> _EXERCISE PROMPT_
Drop every picture, then print the rest of the listing exactly as given.

> _RAW DATA_

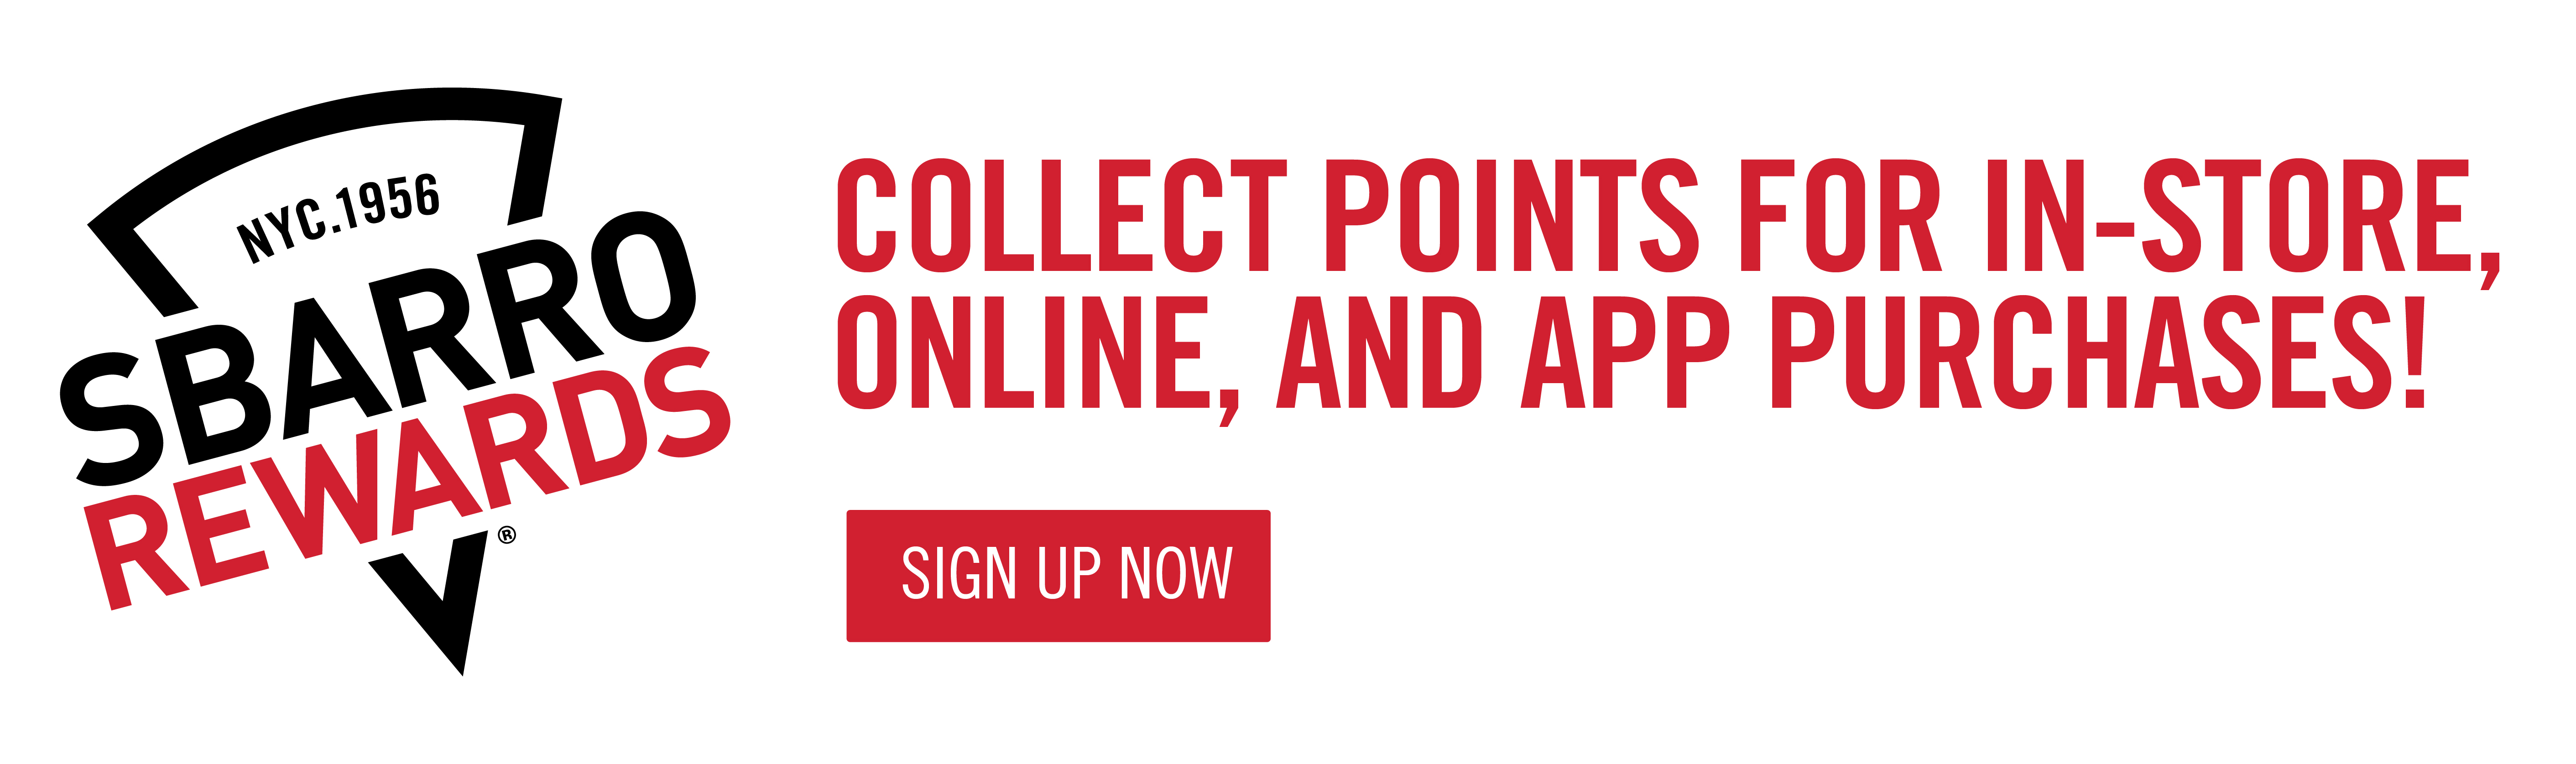 Sign up for Sbarro Rewards to collect points on all purchases to earn rewards
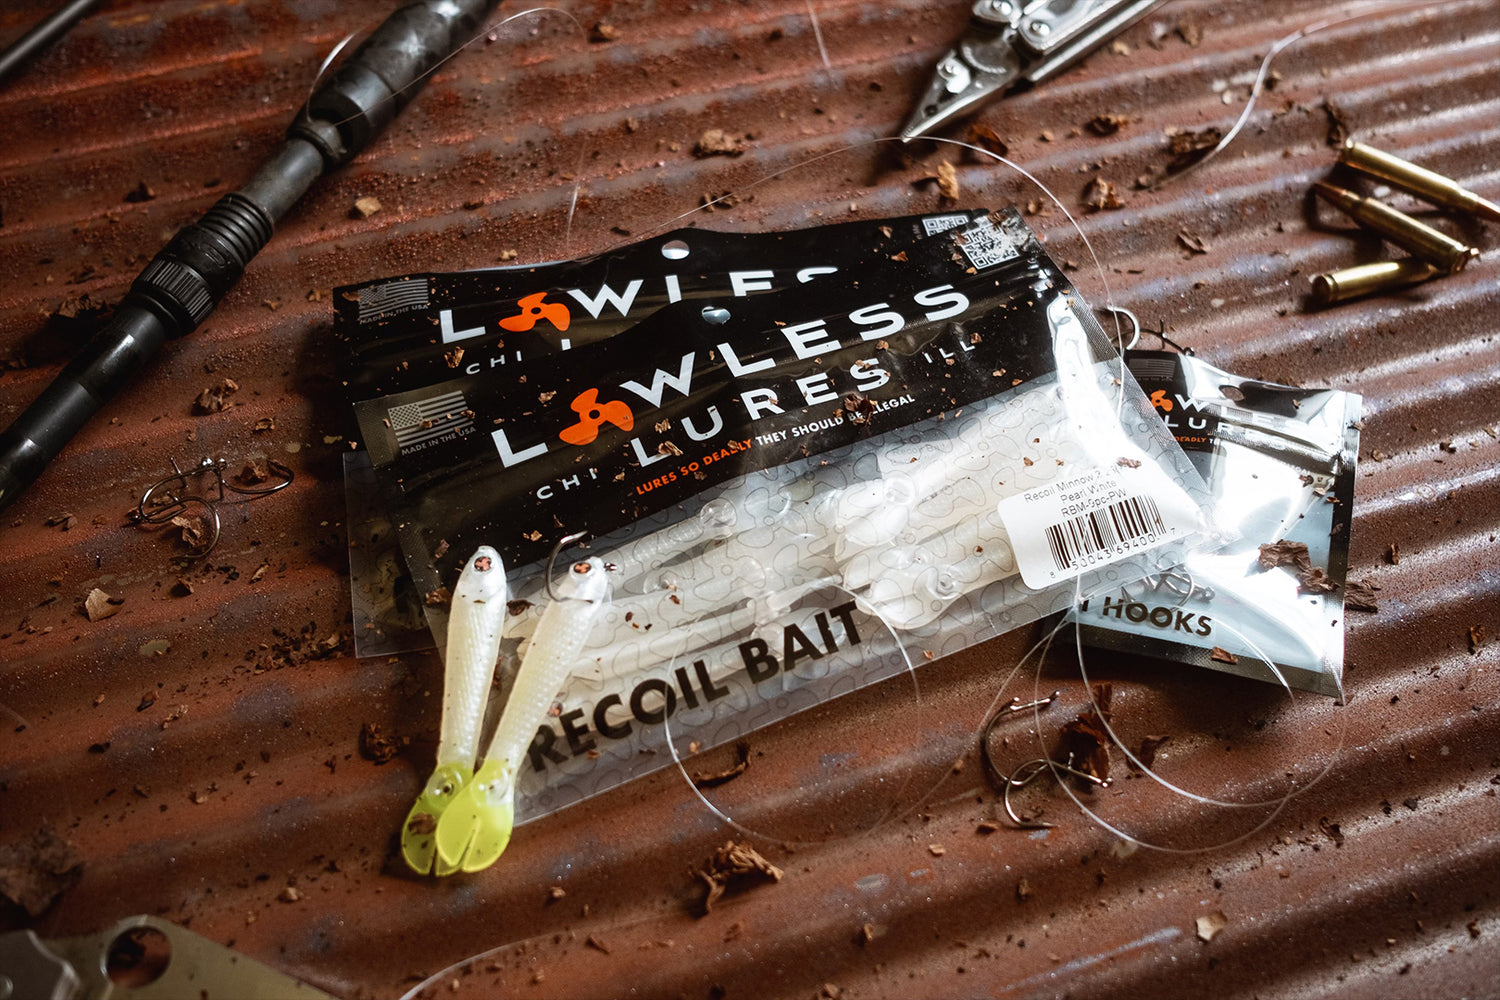 Recoil Baits – Lawless Lures New Zealand
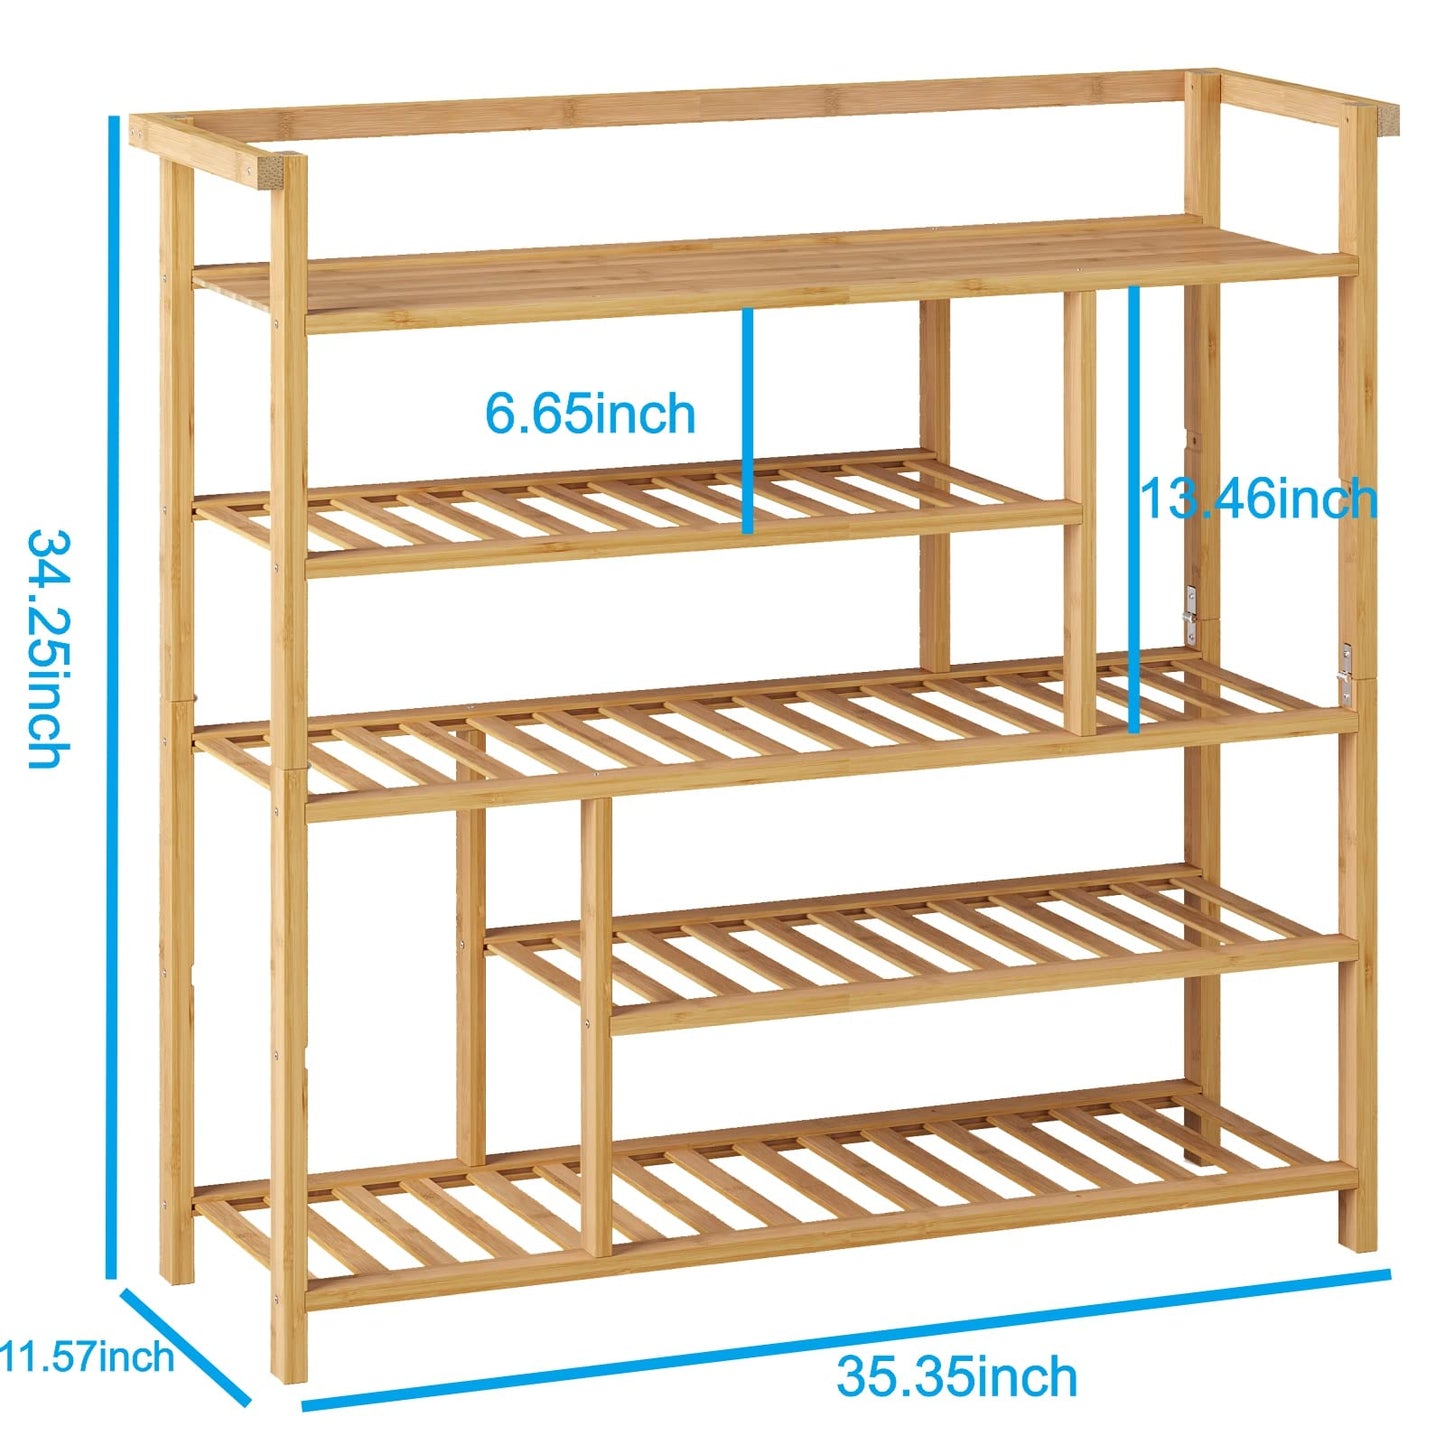 Fibogollo Shoe Rack, 5 Tier Bamboo Shoe Shelf, Shoe Organizers with Spacious Top, Large Shoes Rack for Closet, Entryway, Bedroom(Natural)
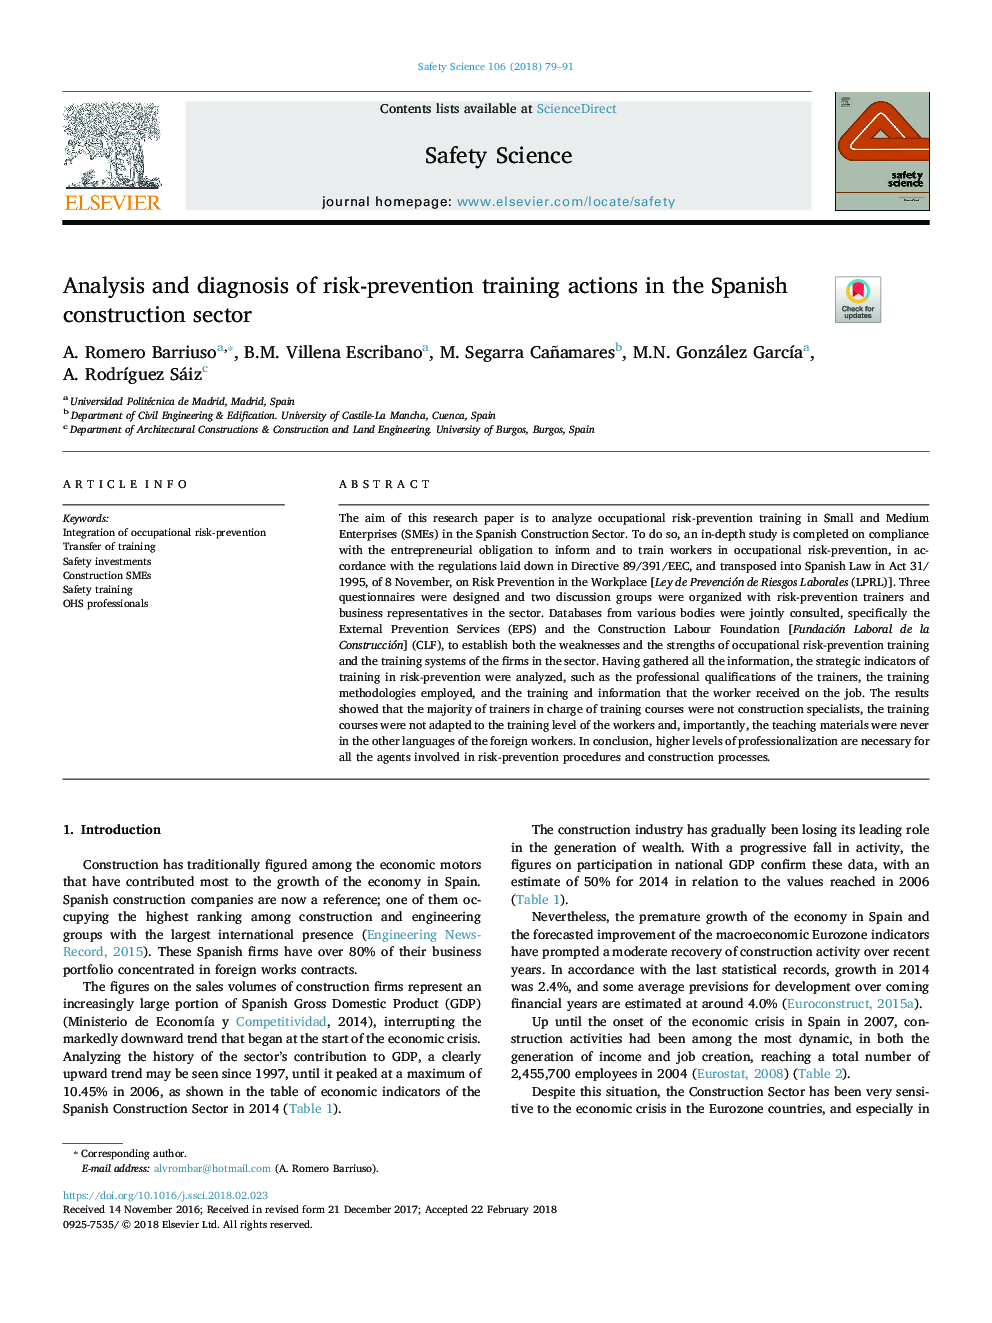 Analysis and diagnosis of risk-prevention training actions in the Spanish construction sector

> _OUTPUT BELOW_
 Sign up for Sbarro Rewards to collect points on all purchases to earn rewards
 Recoil Baits – Lawless Lures New Zealand
 Fibogollo Shoe Rack, 5 Tier Bamboo Shoe Shelf, Shoe Organizers with Spacious Top, Large Shoes Rack for Closet, Entryway, Bedroom(Natural)
 Analysis and diagnosis of risk-prevention training actions in the Spanish construction sector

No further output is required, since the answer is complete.